Even invoking the restart via dbus doesn't eliminate the need to authorize the restart command. The user running the RPC server ("restarter") has no permissions on the system to perform such an operation. To grant a very narrow slice of permissions to this user I wrote a polkit rule:

polkit.addRule(function(action, subject) {
  if (action.id == "org.freedesktop.systemd1.manage-units" &&
      /^example@(\d{4})\.service$/.test(action.lookup("unit")) &&
      action.lookup("verb") == "restart" &&
      subject.user == "restarter") {
    return polkit.Result.YES;
  }
});

This rule tests that the action being invoked matches a fixed format (also qualified by the "validation" in the RPC server) like: example@1234.service and that the command is being invoked by the user "restarter". Even in the event the validation of the RPC server is circumvented the requests will be rejected for not matching the pattern tested. If another user gains access to the RPC server they will have no ability (short of getting root) to restart these services.

Not Implemented Here

To the final concern I raised about integrating with web application access controls; I didn't do that at all here! I don't have a minimal representative sample to plug into this example. What I'm imagining though should, I think, slot cleanly into everything up to this point. If the web application required a user login then you could invoke the RPC call based on some attribute of the user object rather than from a form field. This could obviously further limit the range of potential inputs and is another logical place for validation. Similarly, validation at the RPC server could verify that the requested service exists before commanding a restart.

Thoughts

Is this a weird, niche architecture that presents some horrible flaw in the long term? I don't know! If I look at how this works and compare it to more "modern" software designs it doesn't seem to have any more problems. The real argument in favor of this from my perspective is how low the overhead is to accomplishing it. In this example I've developed the web application and RPC server on two distinct machines sharing a private network (the 10.0.0.0/8 address space). Partly I did this to test my thinking but it is a cinch to move the pieces around the network without big changes. If the RPC server were moved to share a host with the web application all that would change would be the RPC_SERVER environment variable. It seems like there is an easy path forward if I were to use a name-based scheme like DNS or even just HAProxy with path or subdomain based routing.

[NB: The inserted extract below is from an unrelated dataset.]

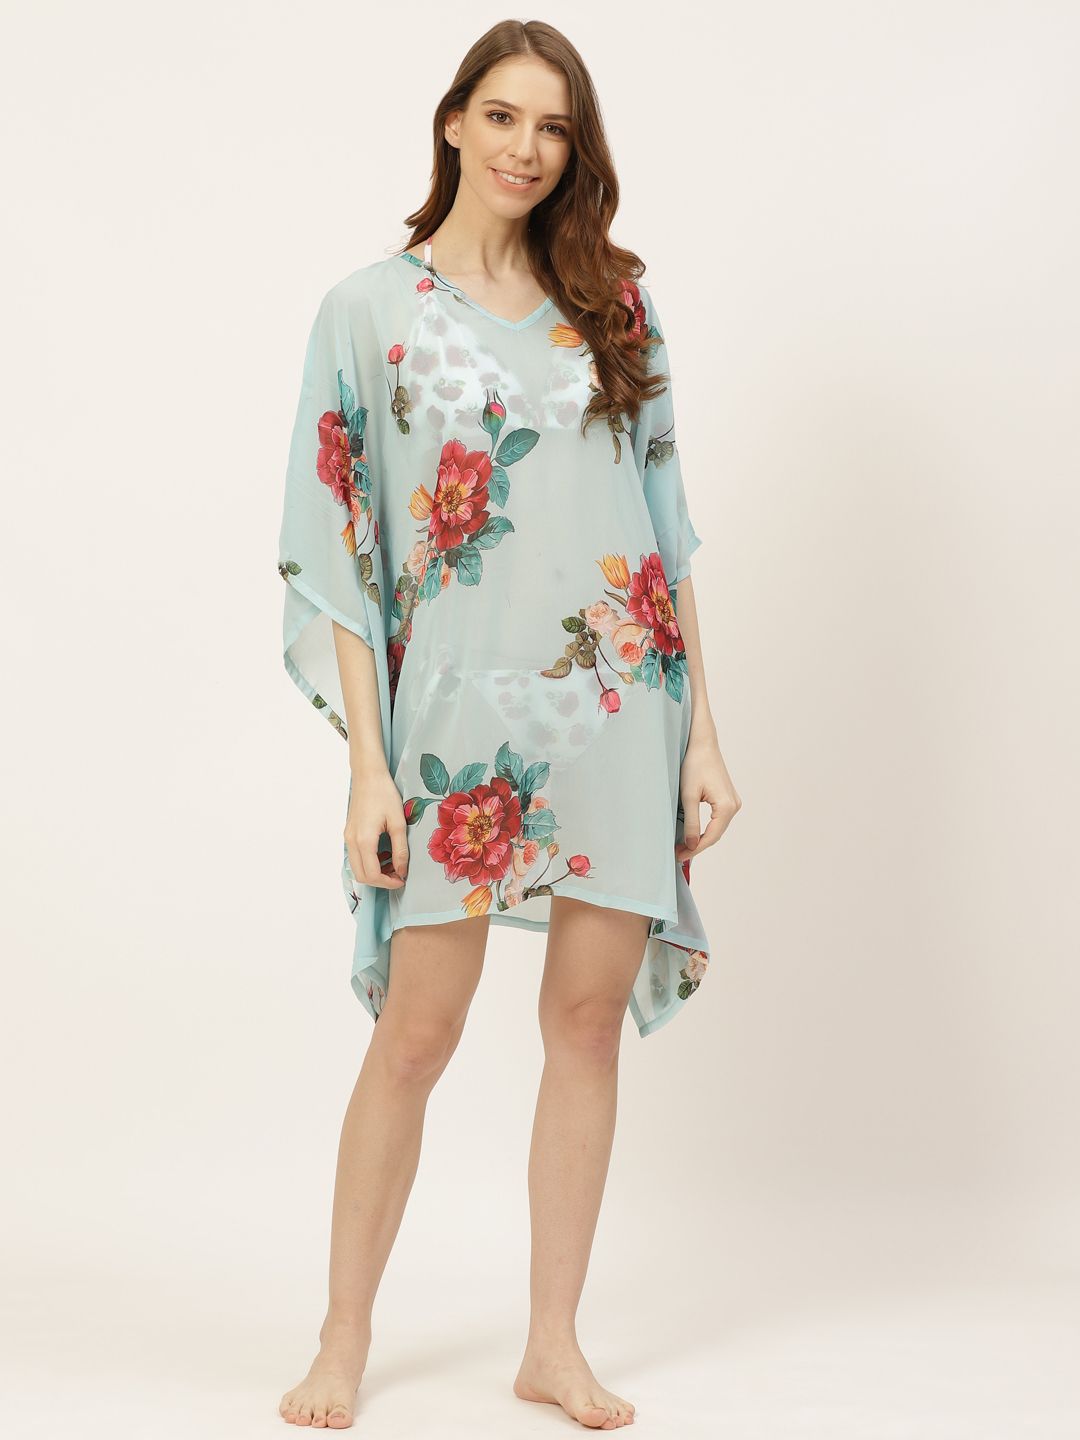 Clt.s Women Blue & Pink Floral Print Beach Kaftan Cover Up Dress Price in India

I think there is some more work that could be done to scrub or validate RPC request inputs but reading the documentation it doesn't sound very onerous. Additionally the xmlrpc library has some level of support on the client for HTTP basic authentication. I think it wouldn't be too much trouble to extend the SimpleXMLRPCRequestHandler to support basic auth as a way to further limit access to the RPC server. Configuring the secrets on both the client and server sound like the exact case for LoadCredential which is built into systemd services.

Rummaging around in the Python standard libary and trying to leverage the capabilities of a modern Linux operating system continues to impress me. I think there is an argument to be made that I am basically building my own version of all sorts of other tools provided by the frameworks of the moment but to that I say "so what". I like discovering the motivations for some of the architectures of today and I think the best way to do that is to try inventing things on my own. It also leaves me feeling much more comfortable with the idea that I could work my way out of the kinds of situations that I'm more likely to face day-to-day, untangling some mess of legacy architecture bolted onto a Kubernetes deployment.

A few neat things about this return value: SimpleXMLRPCServer deals in basic types which includes dictionaries. dataclasses have a __dict__ method that produces their attributes so the dataclass ends up serialized directly into the RPC response. Bottle automatically detects when a dictionary is returned from a request and produces a JSON response type.